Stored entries
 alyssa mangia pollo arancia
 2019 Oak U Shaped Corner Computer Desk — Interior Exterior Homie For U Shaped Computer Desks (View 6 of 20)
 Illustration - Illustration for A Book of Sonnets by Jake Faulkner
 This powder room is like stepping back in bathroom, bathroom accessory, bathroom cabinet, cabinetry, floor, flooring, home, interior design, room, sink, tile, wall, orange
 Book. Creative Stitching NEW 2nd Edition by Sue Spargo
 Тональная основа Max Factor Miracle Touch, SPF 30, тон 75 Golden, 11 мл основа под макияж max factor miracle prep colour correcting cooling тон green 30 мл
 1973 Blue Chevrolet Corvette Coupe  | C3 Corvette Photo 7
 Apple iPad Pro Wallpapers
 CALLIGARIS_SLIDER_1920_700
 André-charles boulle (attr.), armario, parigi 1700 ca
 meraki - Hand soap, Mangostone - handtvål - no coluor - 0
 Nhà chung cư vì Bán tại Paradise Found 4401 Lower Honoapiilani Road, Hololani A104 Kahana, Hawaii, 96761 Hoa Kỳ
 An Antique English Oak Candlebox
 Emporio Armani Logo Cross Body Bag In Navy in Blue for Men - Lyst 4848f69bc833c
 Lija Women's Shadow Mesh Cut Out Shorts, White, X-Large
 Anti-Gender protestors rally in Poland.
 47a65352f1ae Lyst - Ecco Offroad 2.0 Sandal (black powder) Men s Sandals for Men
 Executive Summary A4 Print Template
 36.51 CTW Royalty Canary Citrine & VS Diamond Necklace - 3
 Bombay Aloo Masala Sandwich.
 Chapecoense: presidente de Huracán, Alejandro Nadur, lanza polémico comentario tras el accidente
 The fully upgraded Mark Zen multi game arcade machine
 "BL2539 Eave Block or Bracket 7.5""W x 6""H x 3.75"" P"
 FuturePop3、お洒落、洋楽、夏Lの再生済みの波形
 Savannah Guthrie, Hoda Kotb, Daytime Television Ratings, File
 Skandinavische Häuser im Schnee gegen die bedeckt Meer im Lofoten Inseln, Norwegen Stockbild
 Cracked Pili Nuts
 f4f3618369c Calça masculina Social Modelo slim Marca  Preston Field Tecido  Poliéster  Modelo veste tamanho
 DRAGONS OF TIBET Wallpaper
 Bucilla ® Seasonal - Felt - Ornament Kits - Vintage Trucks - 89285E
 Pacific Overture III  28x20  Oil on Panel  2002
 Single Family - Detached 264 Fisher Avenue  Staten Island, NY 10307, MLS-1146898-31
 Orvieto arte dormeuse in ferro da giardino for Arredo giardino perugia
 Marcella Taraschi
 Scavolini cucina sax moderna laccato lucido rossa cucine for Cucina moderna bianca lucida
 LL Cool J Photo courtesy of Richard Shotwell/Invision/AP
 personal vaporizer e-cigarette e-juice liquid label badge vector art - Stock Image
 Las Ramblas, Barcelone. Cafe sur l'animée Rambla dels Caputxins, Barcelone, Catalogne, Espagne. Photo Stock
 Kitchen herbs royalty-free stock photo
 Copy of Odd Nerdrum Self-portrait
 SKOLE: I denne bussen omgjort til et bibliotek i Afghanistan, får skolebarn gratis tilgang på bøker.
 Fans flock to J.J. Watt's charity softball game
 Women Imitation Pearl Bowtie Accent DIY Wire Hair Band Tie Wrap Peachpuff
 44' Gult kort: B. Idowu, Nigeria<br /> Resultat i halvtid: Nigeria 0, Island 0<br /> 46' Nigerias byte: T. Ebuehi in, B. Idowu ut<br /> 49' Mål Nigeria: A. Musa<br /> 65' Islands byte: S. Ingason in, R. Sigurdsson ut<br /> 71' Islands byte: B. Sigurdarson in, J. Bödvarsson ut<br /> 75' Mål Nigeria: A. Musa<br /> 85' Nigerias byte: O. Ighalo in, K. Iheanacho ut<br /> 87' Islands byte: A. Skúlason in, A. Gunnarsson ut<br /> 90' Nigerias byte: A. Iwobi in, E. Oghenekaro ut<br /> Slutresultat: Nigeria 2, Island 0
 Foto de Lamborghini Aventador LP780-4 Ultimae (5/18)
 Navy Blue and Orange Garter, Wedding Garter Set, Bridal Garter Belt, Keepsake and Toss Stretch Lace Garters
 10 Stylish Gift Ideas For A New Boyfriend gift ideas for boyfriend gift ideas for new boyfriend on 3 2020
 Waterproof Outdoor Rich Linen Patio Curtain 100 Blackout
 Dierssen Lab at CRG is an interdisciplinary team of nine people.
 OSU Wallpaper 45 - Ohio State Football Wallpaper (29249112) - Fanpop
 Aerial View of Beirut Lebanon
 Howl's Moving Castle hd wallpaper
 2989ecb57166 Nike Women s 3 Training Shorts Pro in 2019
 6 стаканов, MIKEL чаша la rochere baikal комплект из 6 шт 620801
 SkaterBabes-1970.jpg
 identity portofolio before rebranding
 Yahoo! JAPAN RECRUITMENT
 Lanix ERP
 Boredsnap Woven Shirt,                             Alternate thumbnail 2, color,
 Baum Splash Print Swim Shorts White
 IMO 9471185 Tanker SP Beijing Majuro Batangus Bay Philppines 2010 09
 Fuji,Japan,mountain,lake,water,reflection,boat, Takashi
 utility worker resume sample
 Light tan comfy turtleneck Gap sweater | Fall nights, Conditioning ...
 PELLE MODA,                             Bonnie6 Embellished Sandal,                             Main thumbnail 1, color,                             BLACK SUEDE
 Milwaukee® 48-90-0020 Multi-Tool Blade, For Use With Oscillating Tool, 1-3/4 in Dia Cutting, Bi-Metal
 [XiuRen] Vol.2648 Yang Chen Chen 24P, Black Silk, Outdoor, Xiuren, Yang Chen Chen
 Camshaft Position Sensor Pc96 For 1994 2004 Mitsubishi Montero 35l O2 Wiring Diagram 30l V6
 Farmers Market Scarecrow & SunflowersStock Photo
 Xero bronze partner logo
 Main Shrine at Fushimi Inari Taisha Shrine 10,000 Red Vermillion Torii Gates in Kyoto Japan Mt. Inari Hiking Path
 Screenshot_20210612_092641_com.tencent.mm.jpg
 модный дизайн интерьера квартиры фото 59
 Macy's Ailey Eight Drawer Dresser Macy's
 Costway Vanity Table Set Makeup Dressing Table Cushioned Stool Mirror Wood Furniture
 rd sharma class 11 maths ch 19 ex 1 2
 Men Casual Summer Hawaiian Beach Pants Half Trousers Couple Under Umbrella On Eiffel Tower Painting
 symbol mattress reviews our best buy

● **What you should do**
When the line with "Bombay Aloo Masala Sandwich." is reached in the data above, start copying there, and copy each line exactly until the line with "FuturePop3、お洒落、洋楽、夏Lの再生済みの波形" has been copied; copy nothing else.

● **Answer to this task**
 Bombay Aloo Masala Sandwich.
 Chapecoense: presidente de Huracán, Alejandro Nadur, lanza polémico comentario tras el accidente
 The fully upgraded Mark Zen multi game arcade machine
 "BL2539 Eave Block or Bracket 7.5""W x 6""H x 3.75"" P"
 FuturePop3、お洒落、洋楽、夏Lの再生済みの波形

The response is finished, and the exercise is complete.